▸ REQUIRED WORK
Copy out the data that comes next, character for character, and leave the images aside.

▸ SUPPLIED MATERIAL
--

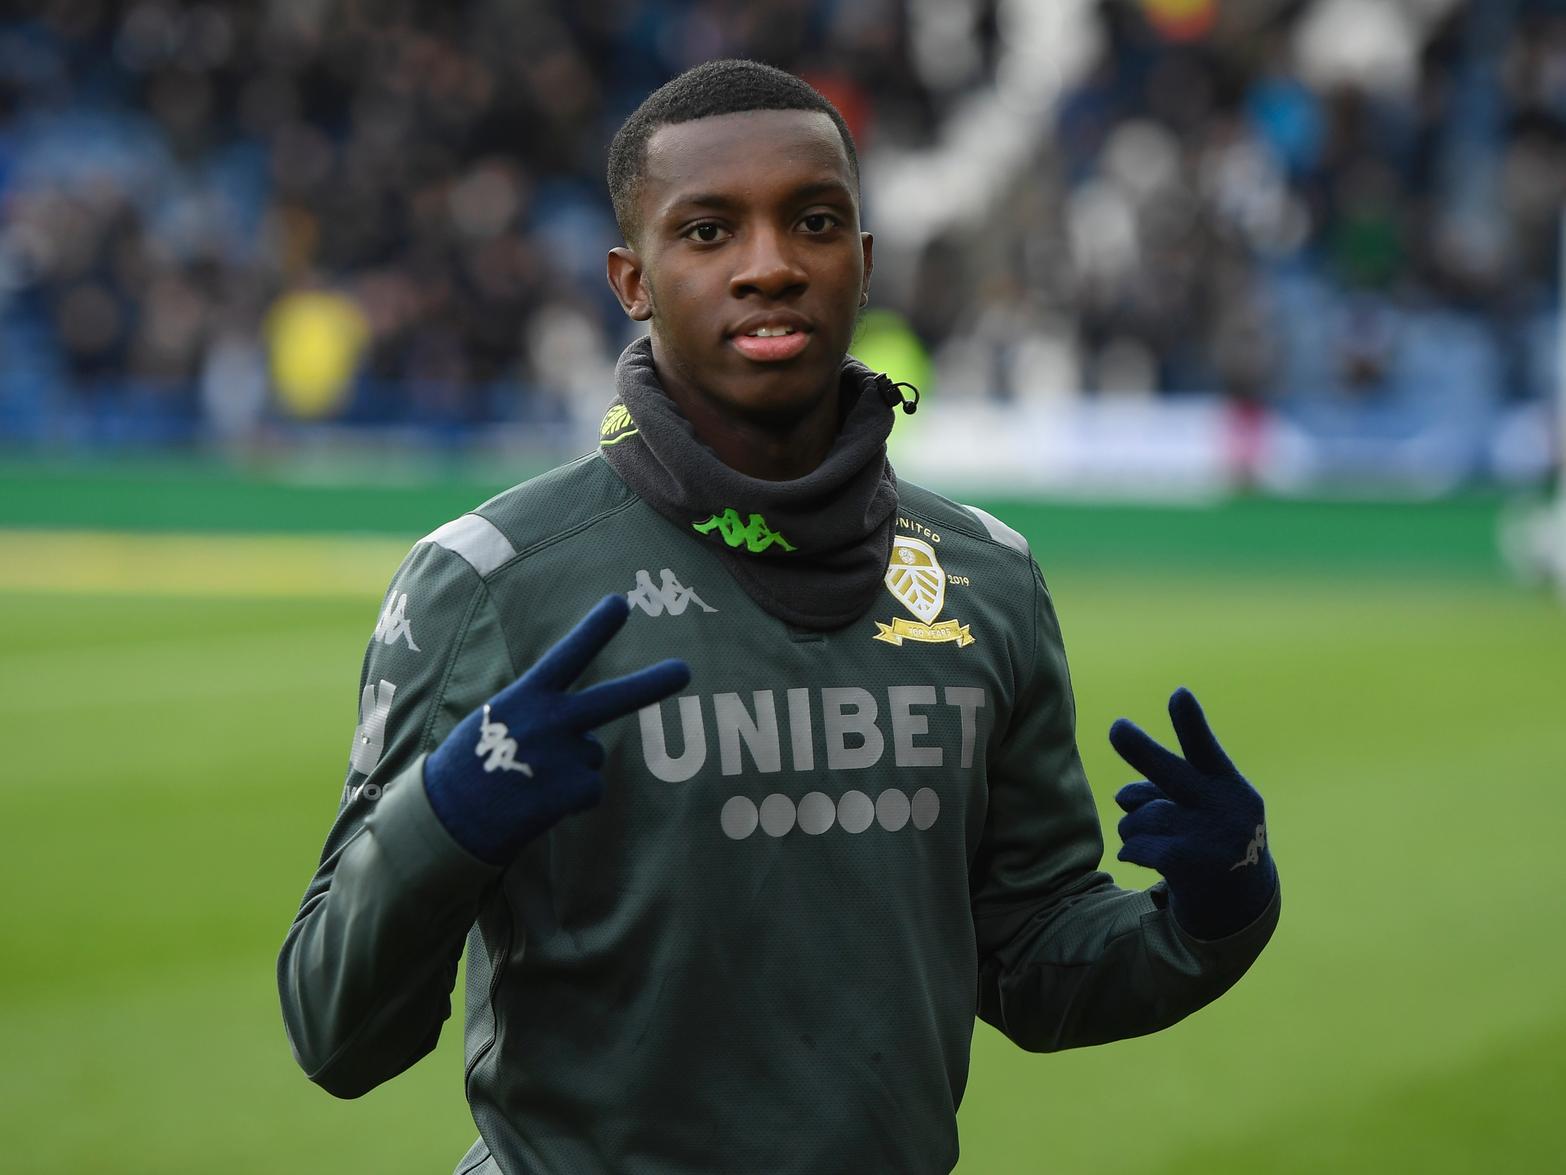 Leeds United chief executive Angus Kinnear has revealed that the club are still hopeful of keeping Eddie Nketiah at the club on loan, amid talk that the Arsenal man will be recalled in January. (Yorkshire Post)
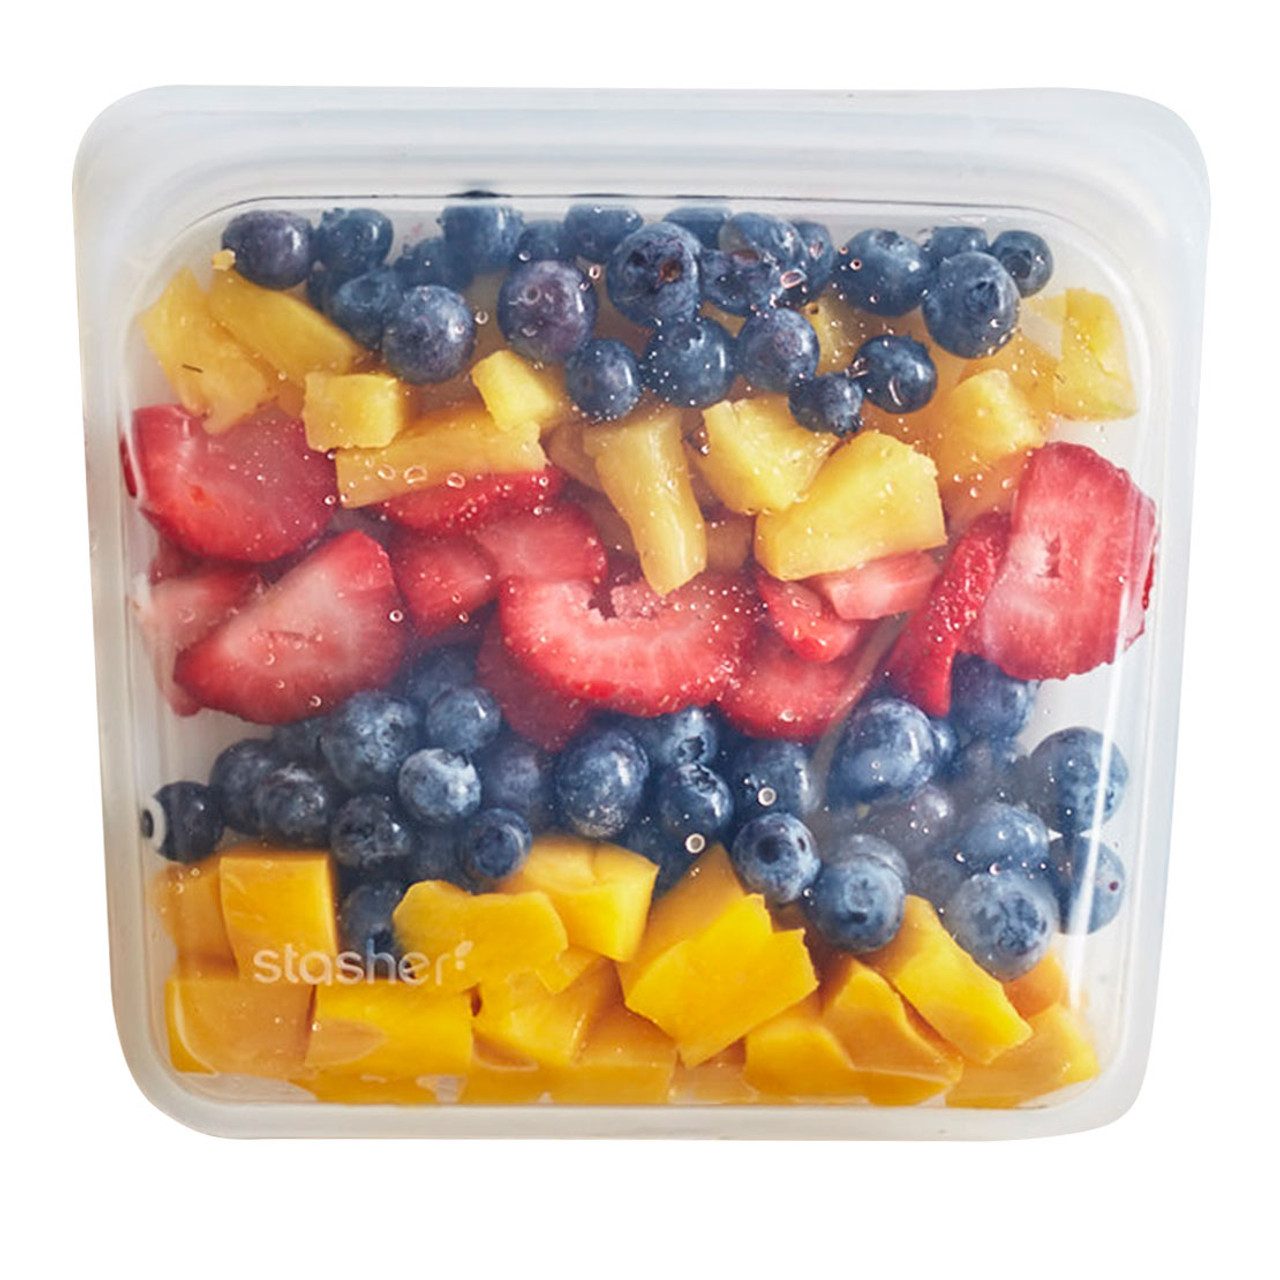 https://cdn11.bigcommerce.com/s-j602wc6a/images/stencil/1280x1280/products/7233/25425/STSB00-Stasher-Sandwich-Bag-Clear-Fruit__09249.1541806523.jpg?c=2
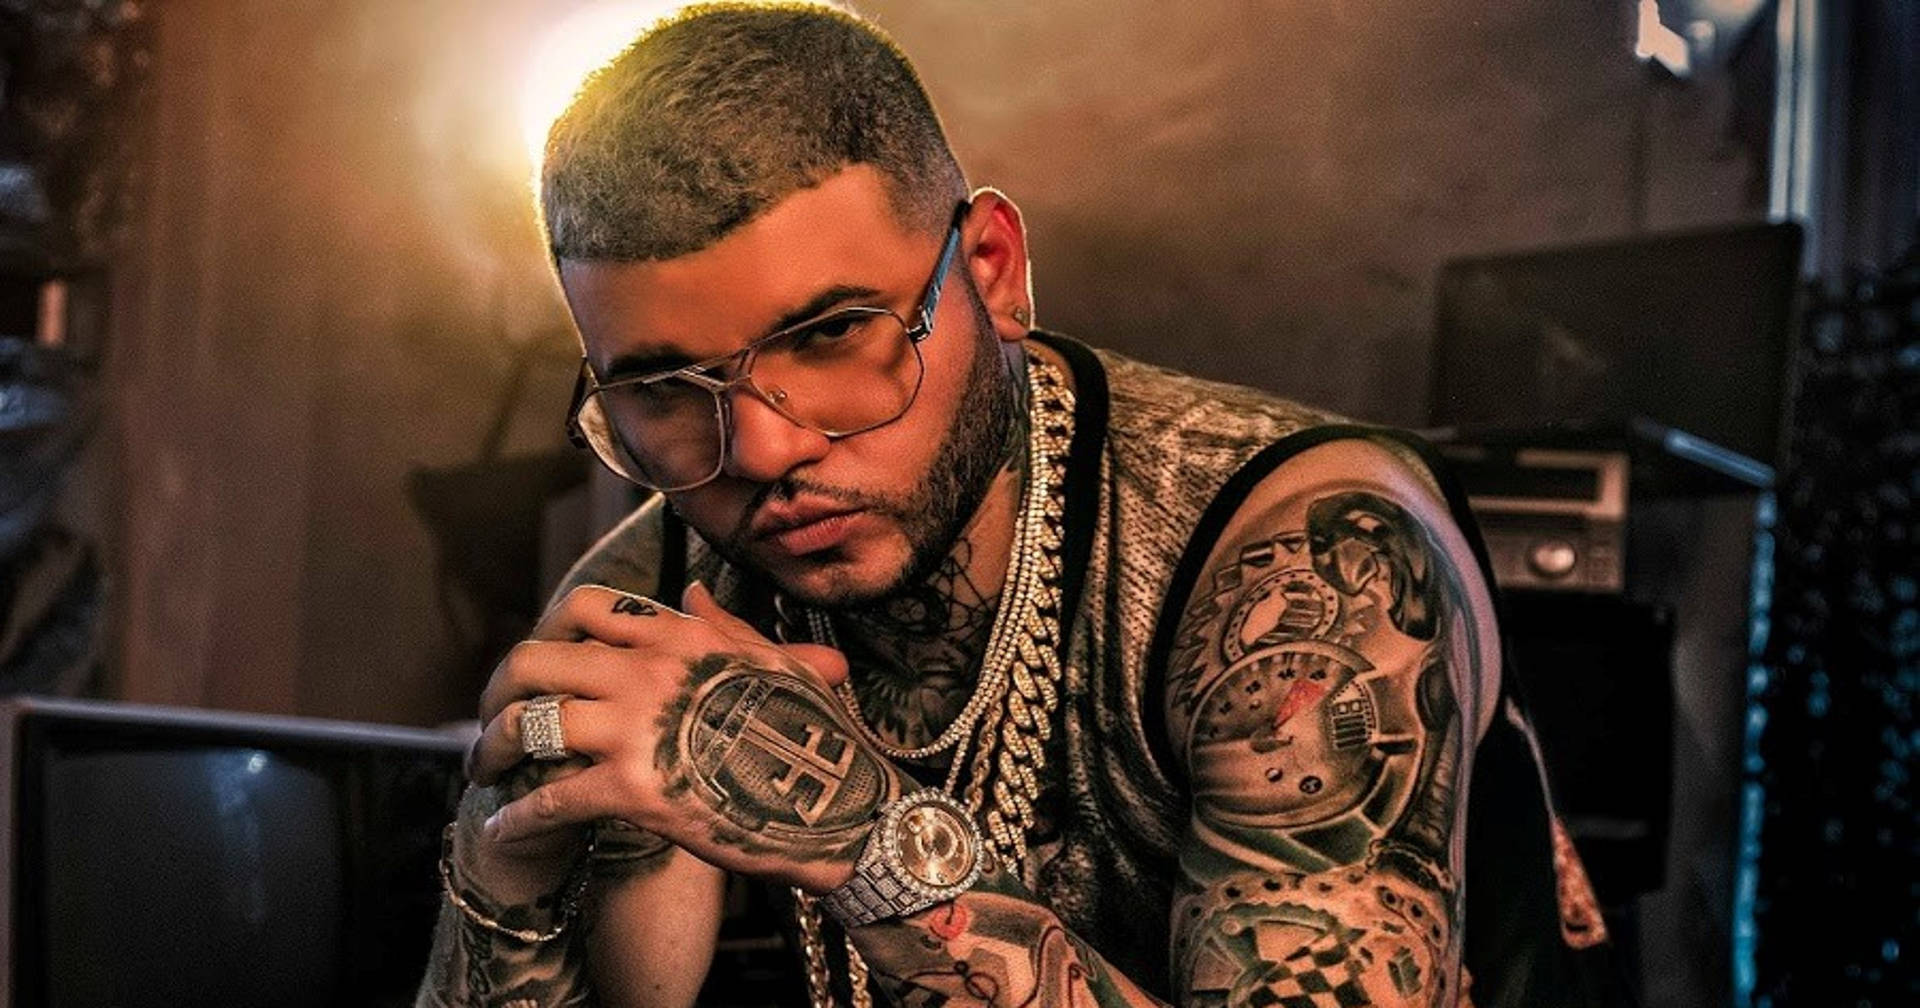 Cool Farruko With Tattoos Background

--

▸ EXERCISE SOLUTION
 Leeds United chief executive Angus Kinnear has revealed that the club are still hopeful of keeping Eddie Nketiah at the club on loan, amid talk that the Arsenal man will be recalled in January. (Yorkshire Post)
 https://cdn11.bigcommerce.com/s-j602wc6a/images/stencil/1280x1280/products/7233/25425/STSB00-Stasher-Sandwich-Bag-Clear-Fruit__09249.1541806523.jpg?c=2
 Cool Farruko With Tattoos Background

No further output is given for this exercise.